WHAT IS EXPECTED: What is needed is an exact copy of the lines in the entries below from the one holding "Plitvice Lakes, Gradinsko" through the one holding "Infant T-Shirts and Track Sweatpants CS_0463", pictures excluded.

AVAILABLE RECORDS:
++++++++++

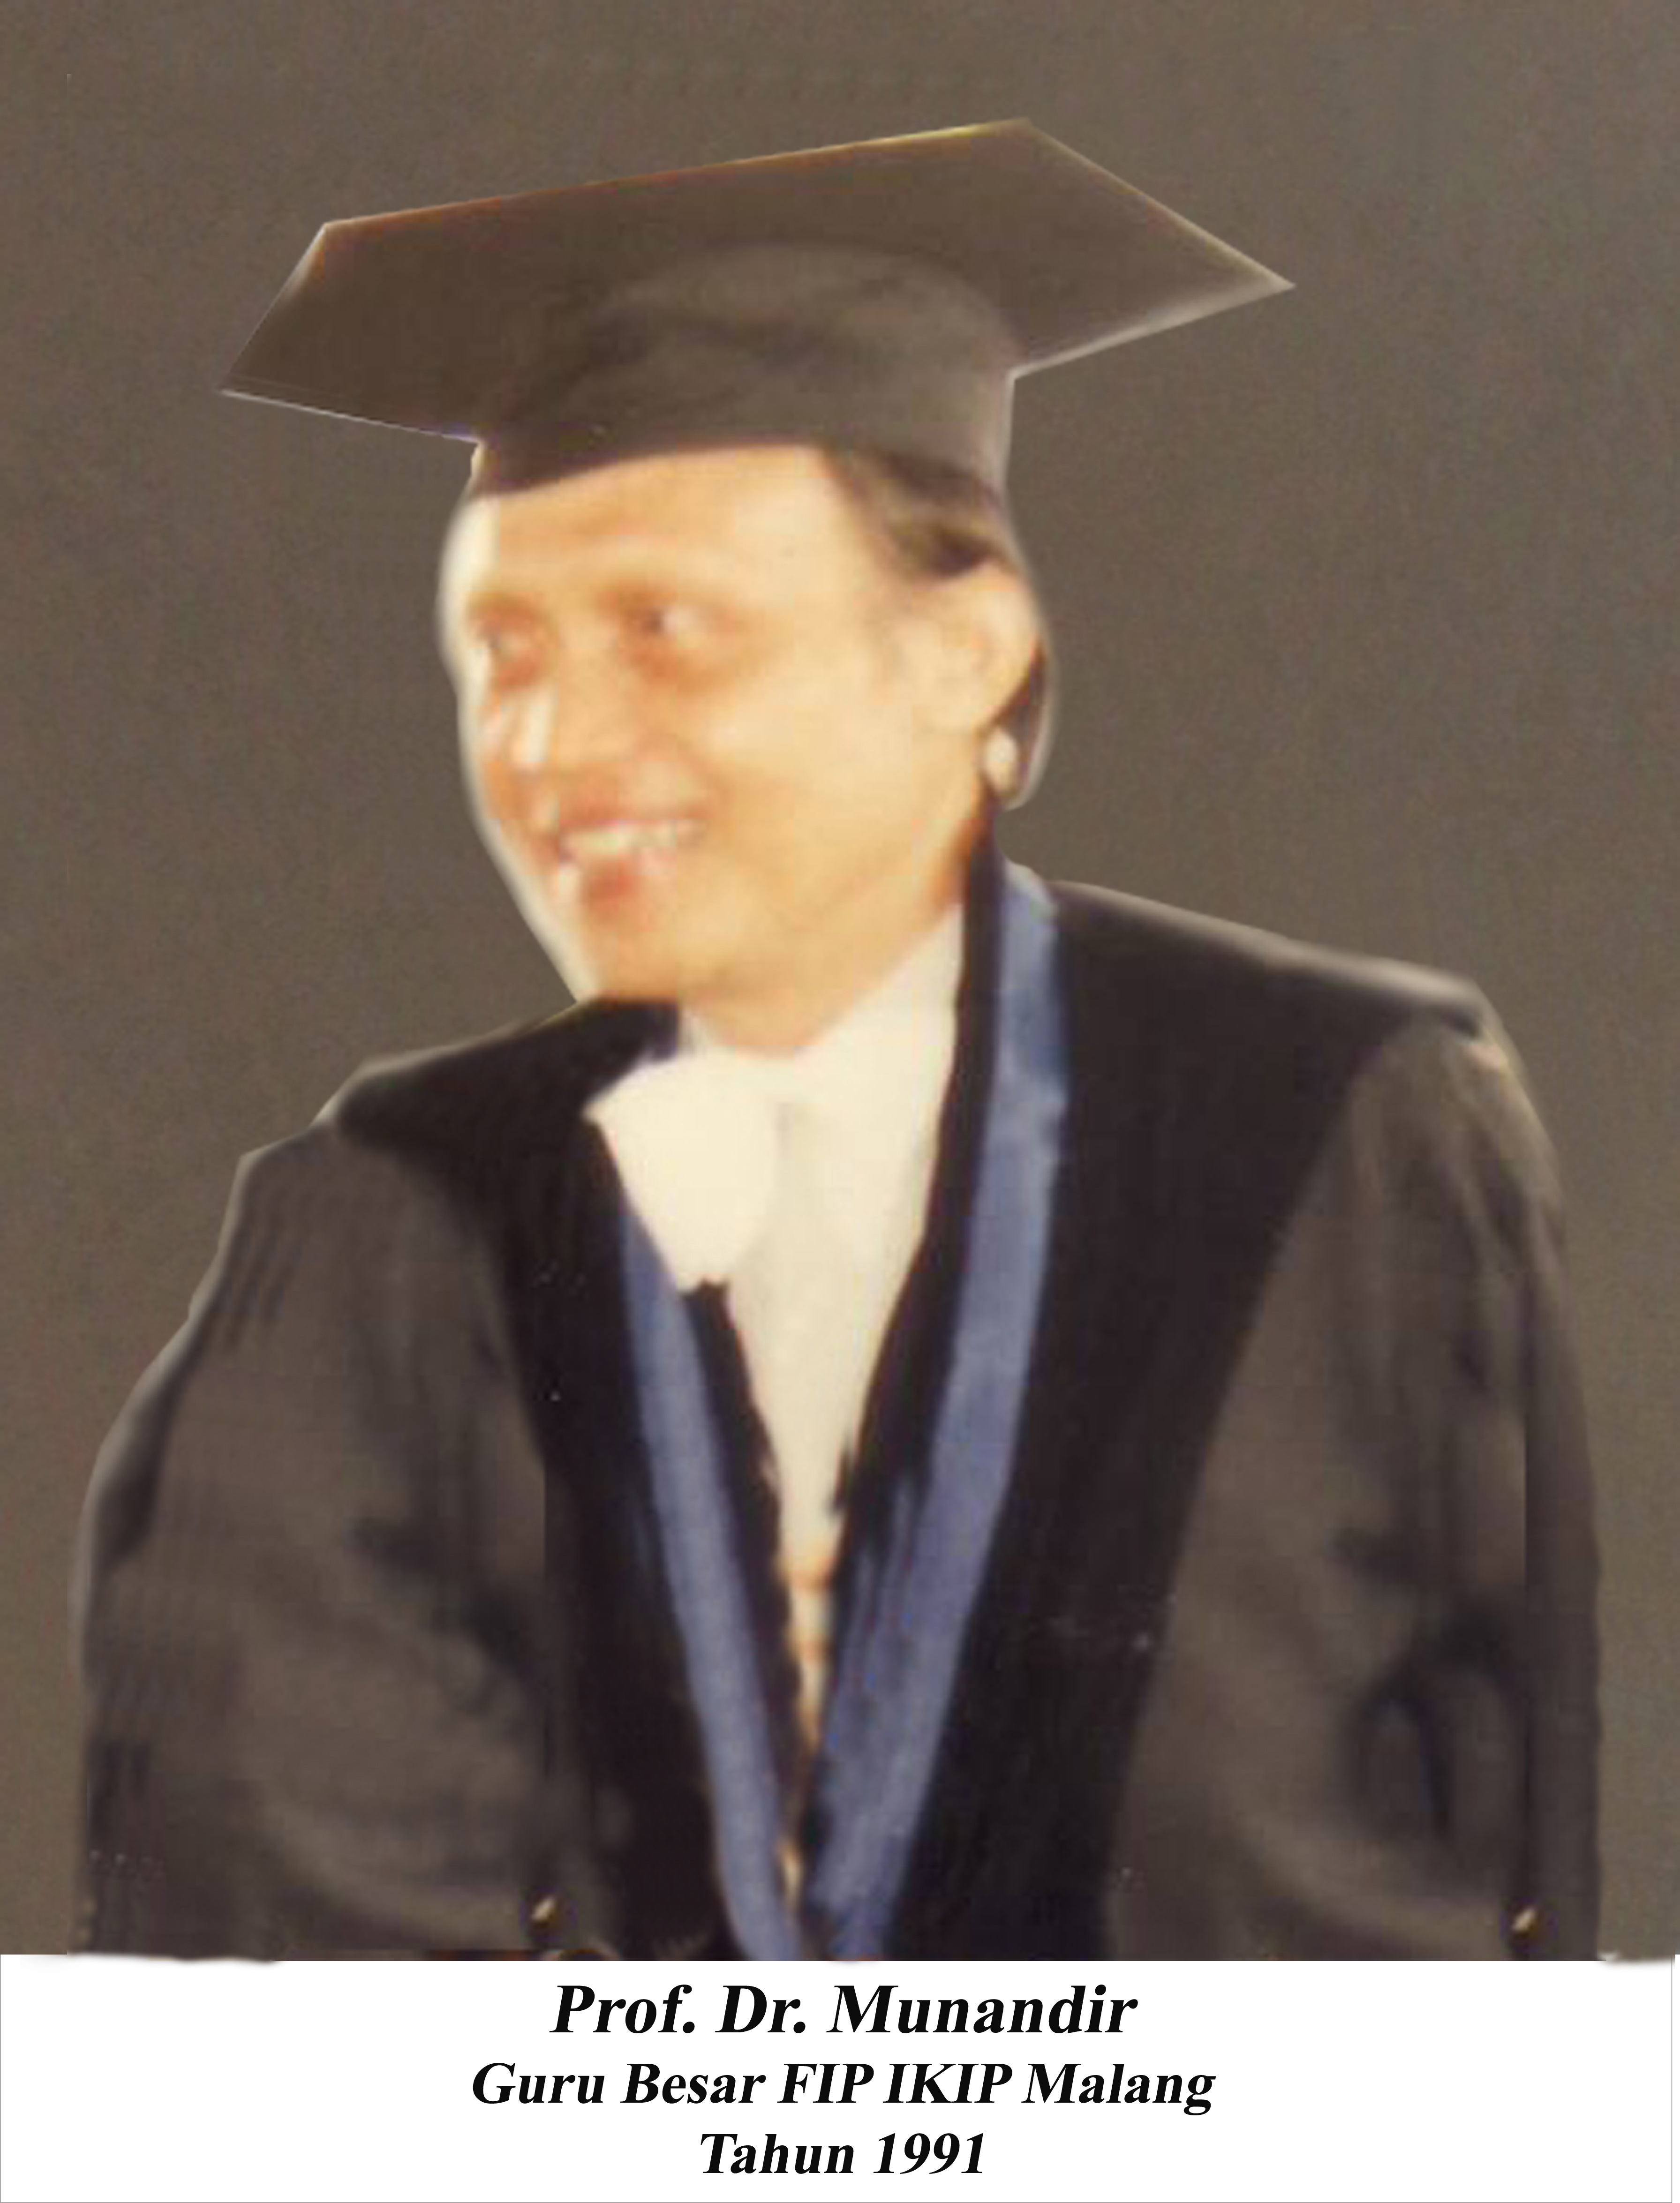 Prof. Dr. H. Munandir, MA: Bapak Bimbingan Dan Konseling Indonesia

++++++++++

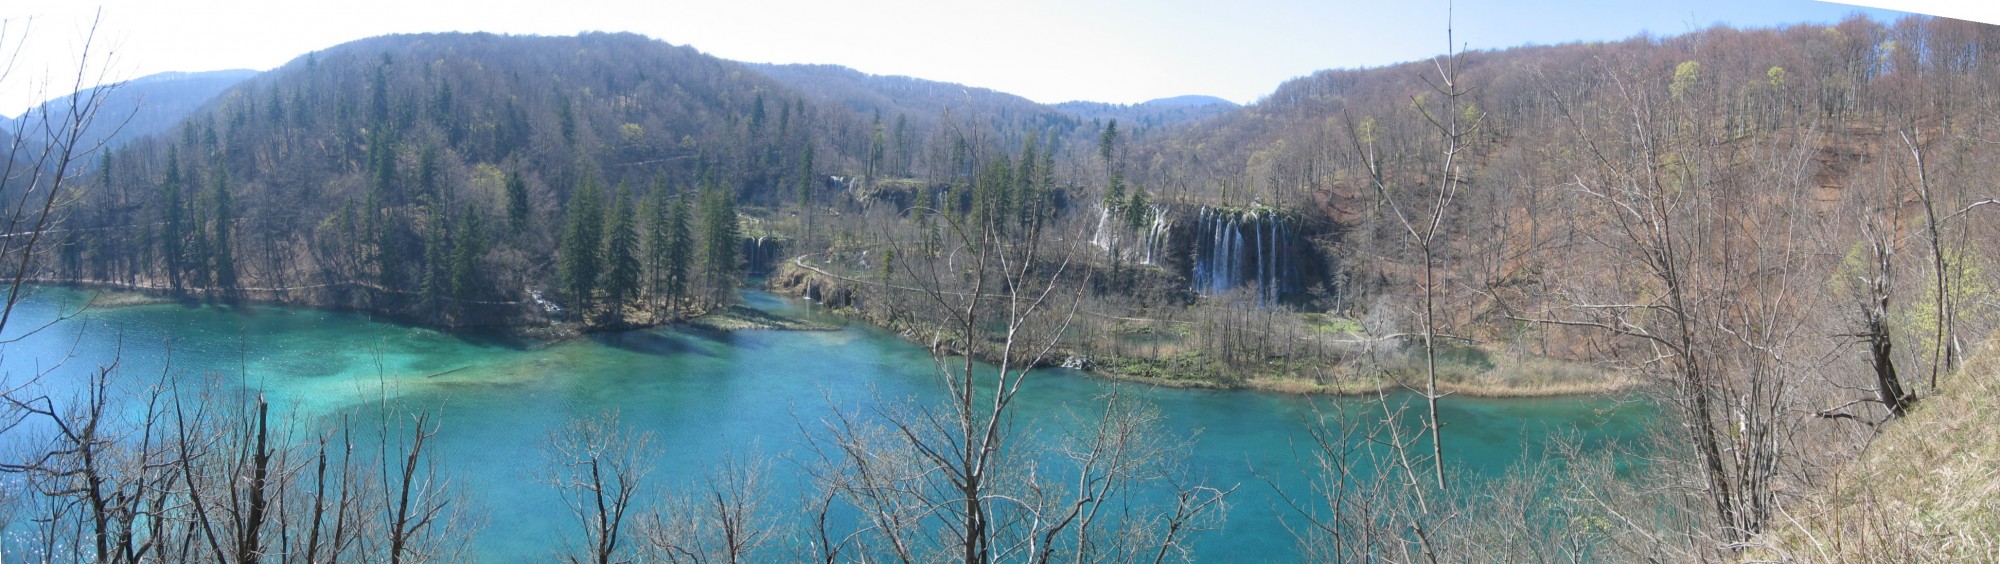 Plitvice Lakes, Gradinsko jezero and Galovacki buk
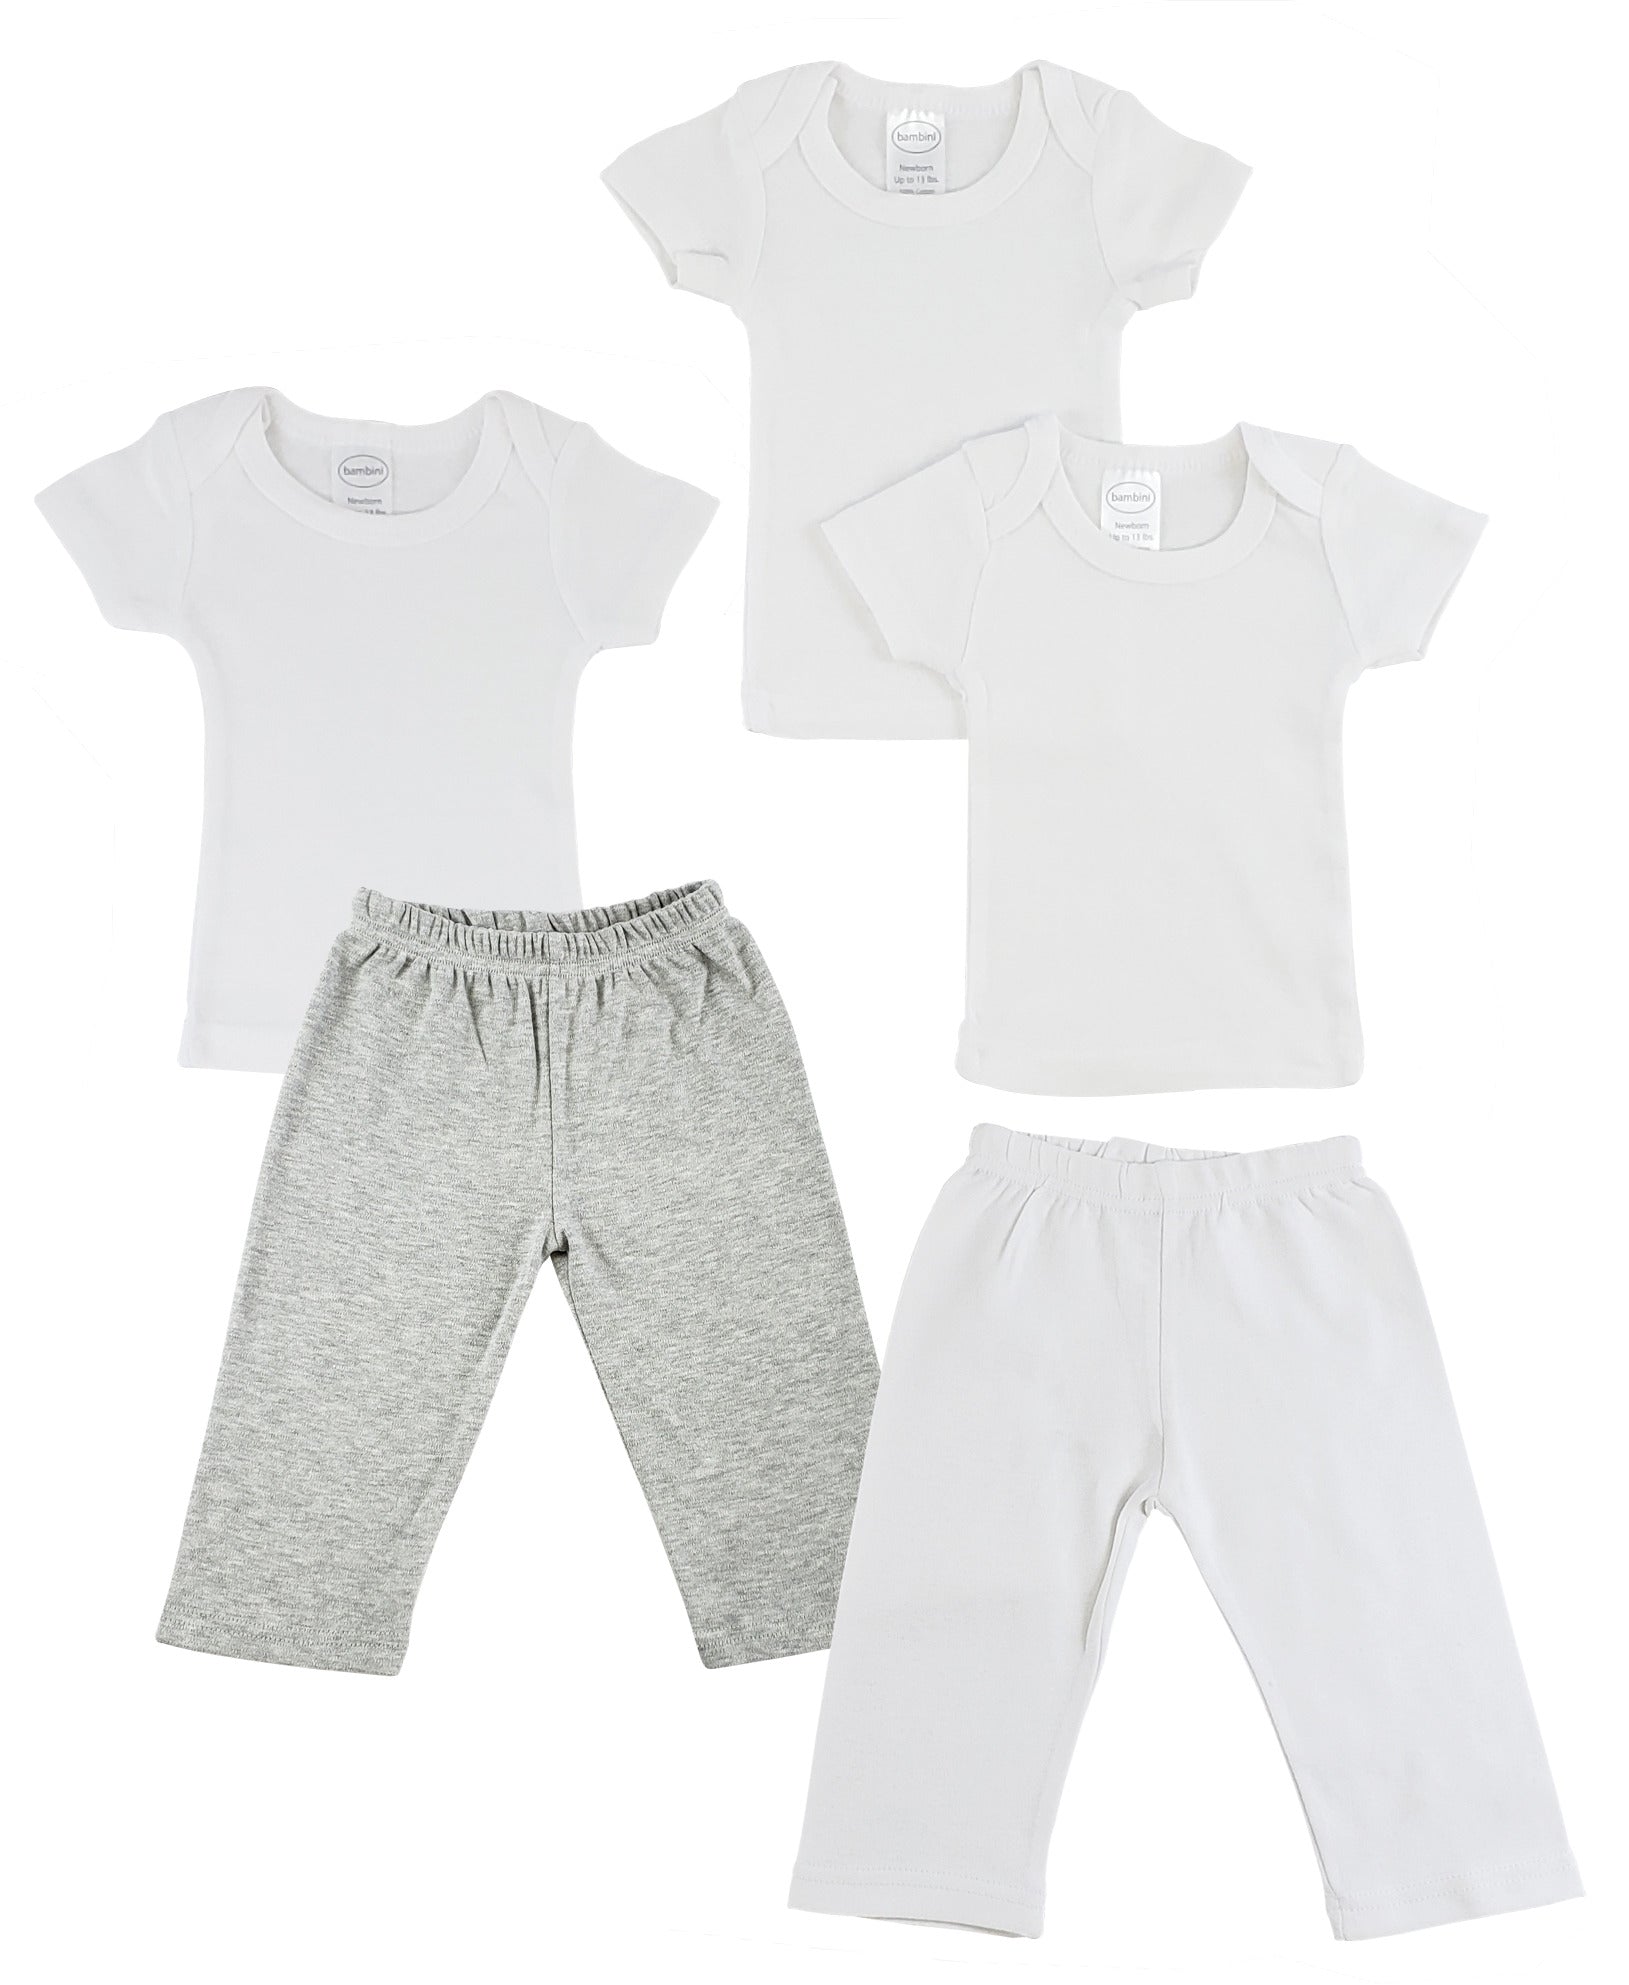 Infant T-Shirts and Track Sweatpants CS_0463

++++++++++

EXERCISE RESPONSE:
 Plitvice Lakes, Gradinsko jezero and Galovacki buk
 Infant T-Shirts and Track Sweatpants CS_0463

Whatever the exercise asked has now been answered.